Watlington invited the couple onto his ship and played the recording below of a male humpback, which he had picked up while doing work with underwater microphones called hydrophones. At the time, the hydrophones were being used by the Navy to listen for enemy submarines.

"I had never heard anything like it," Katy told NPR. "Oh, my God, tears flowed from our cheeks. We were just completely transfixed and amazed because the sounds are so beautiful, so powerful—so variable. They were, as we learned later, the sounds of just one animal. Just one animal."

Watlington had kept the recordings a secret for fear that the songs of the humpbacks would be used to find and kill them. He instead handed them off to the Paynes, who found there was more to discover in them than anyone initially realized.

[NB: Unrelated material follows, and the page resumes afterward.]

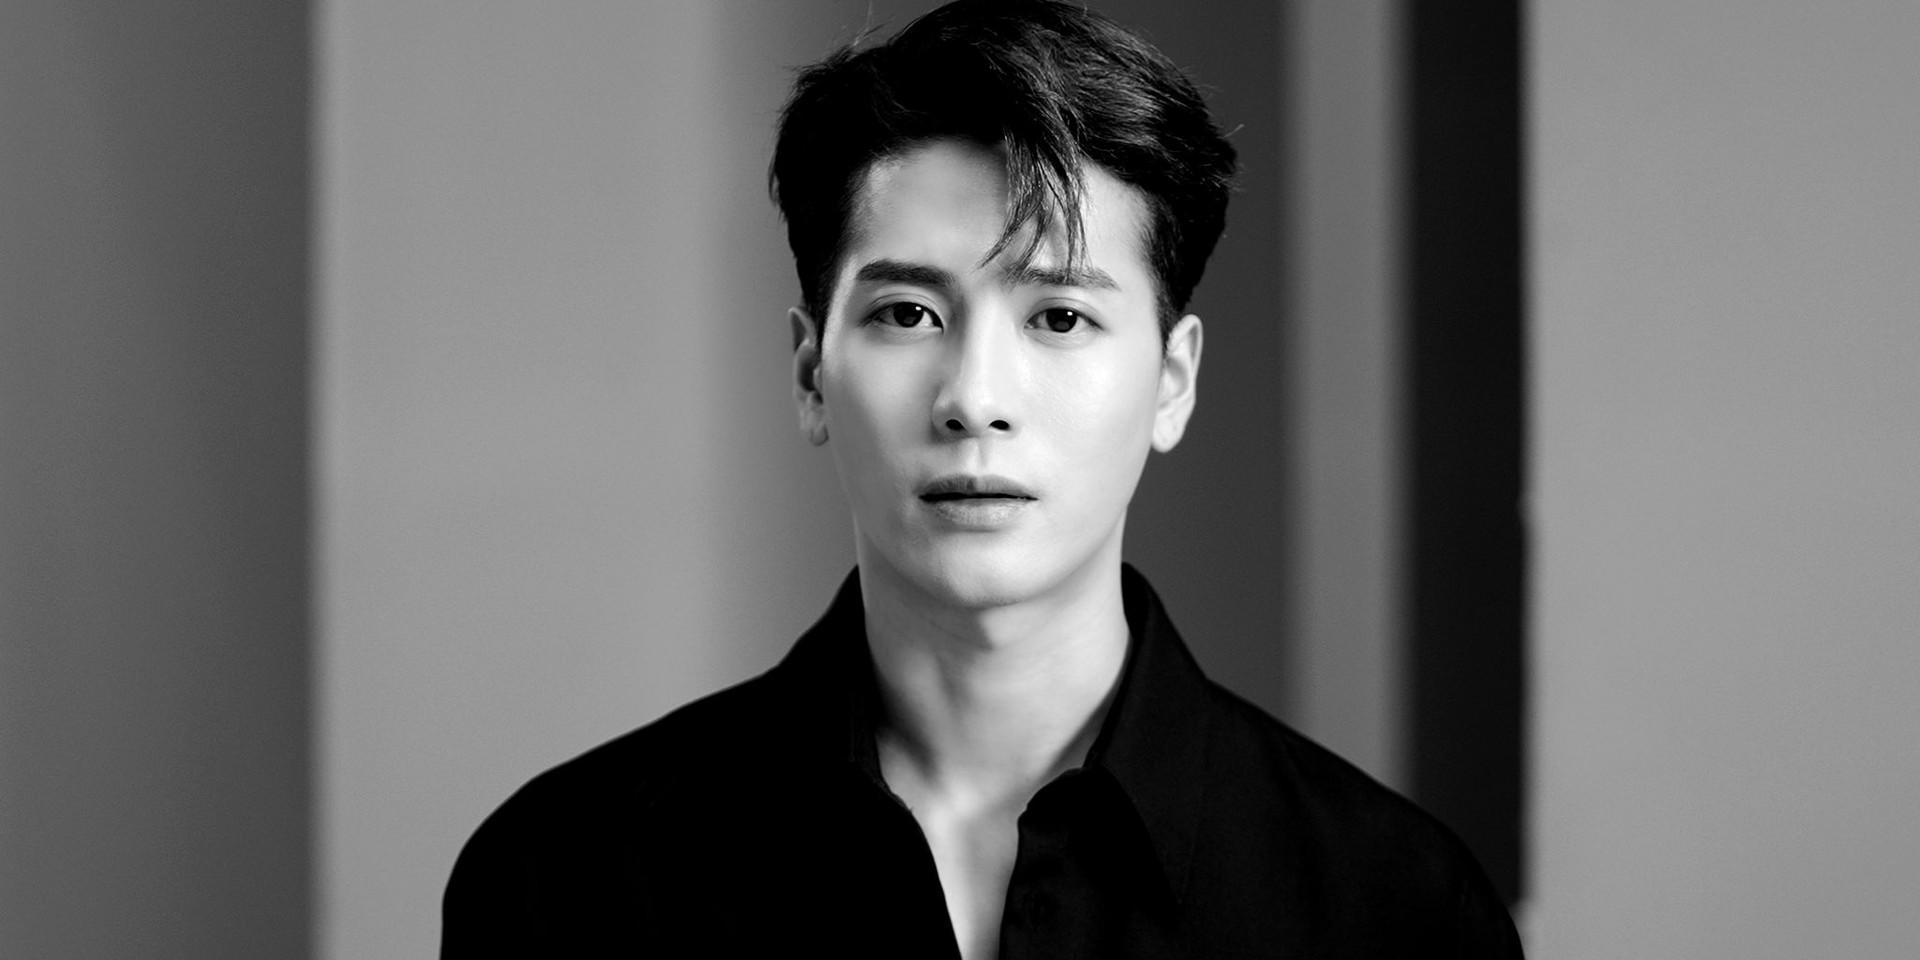 GOT7's Jackson Wang to star in short film for 13th Shanghai Biennale

In an effort to “see” the sounds, Katy made spectrograms showing the frequencies in a purely visual way. It was in the spectrograms that she started to notice a structure and what appeared to be rhythms and melodies. As she’d discover, the vocal patterns of humpback males (they’re the only ones who sing) aren’t random, and whales in a group will sing a song in roughly the same way. The whales will also make changes through time—altering rhythm, pitch, and duration after listening to each other. In other words, it’s sort of like they’re engaged in one long songwriting session.

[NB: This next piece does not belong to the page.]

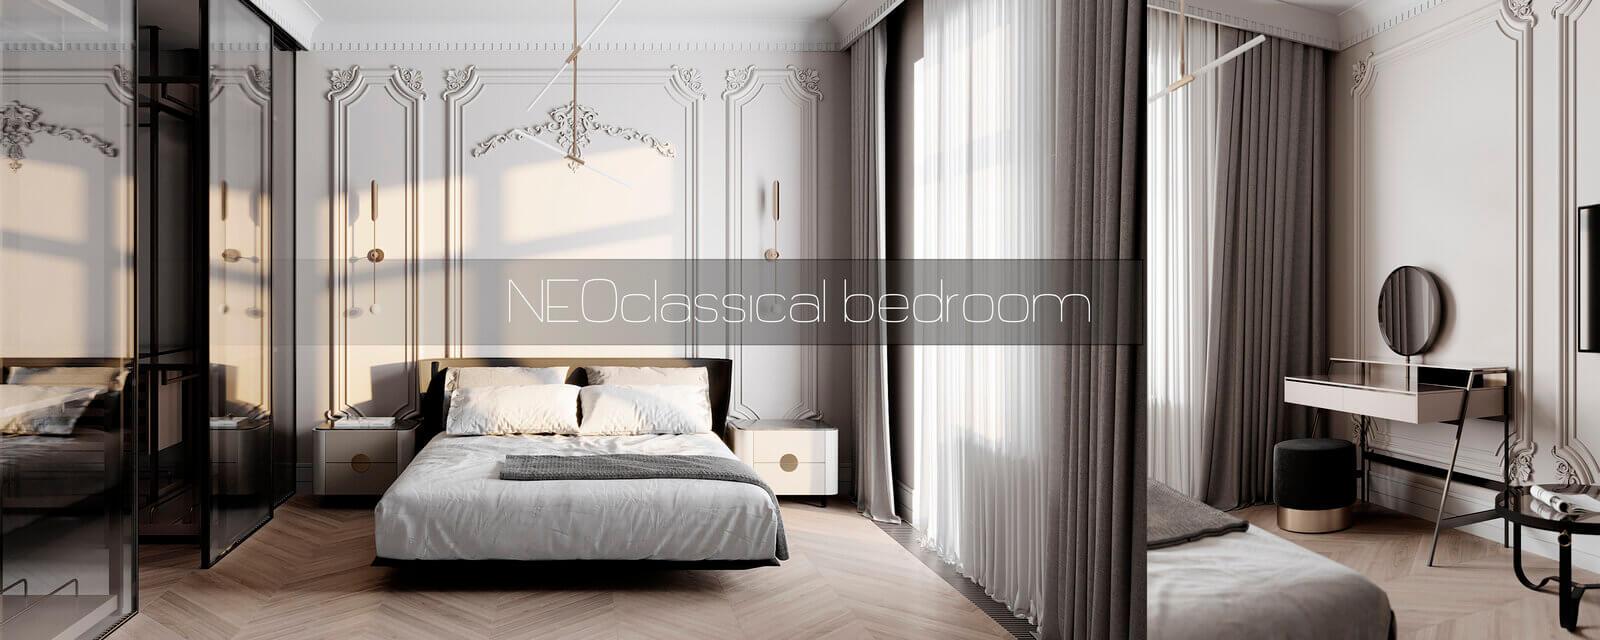 NEOclassical bedroom

Scientists aren’t totally sure why the songs change, but Katy said it might have something to do with—what else?—attracting females. The males might be awarded for their innovations, not so unlike human courting methods.

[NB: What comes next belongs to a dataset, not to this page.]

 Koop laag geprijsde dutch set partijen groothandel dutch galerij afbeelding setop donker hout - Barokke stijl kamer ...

Proving this phenomenon was occurring wasn’t easy. The Paynes spent years recording whales, jetting around the world listening to the music of the ocean—while making their own at night. In 1970, Capitol Records released an album of humpback whale songs recorded by Roger, Katy and Frank, which remains the best-selling nature sounds album of all time.

Years later, at a Greenpeace meeting in Vancouver, an anti-war activist played the whale songs for then-director Rex Weyler. At the time, the fledgling organization was looking for a cause to kickstart environmental efforts. With that, Save the Whales was born. Fast forward to earlier this year, when the National Oceanic and Atmospheric Administration proposed changing the way humpback whales are classified under the Endangered Species Act. Of the 14 distinct populations in the species, only two would still be considered endangered and two would be classified as threatened.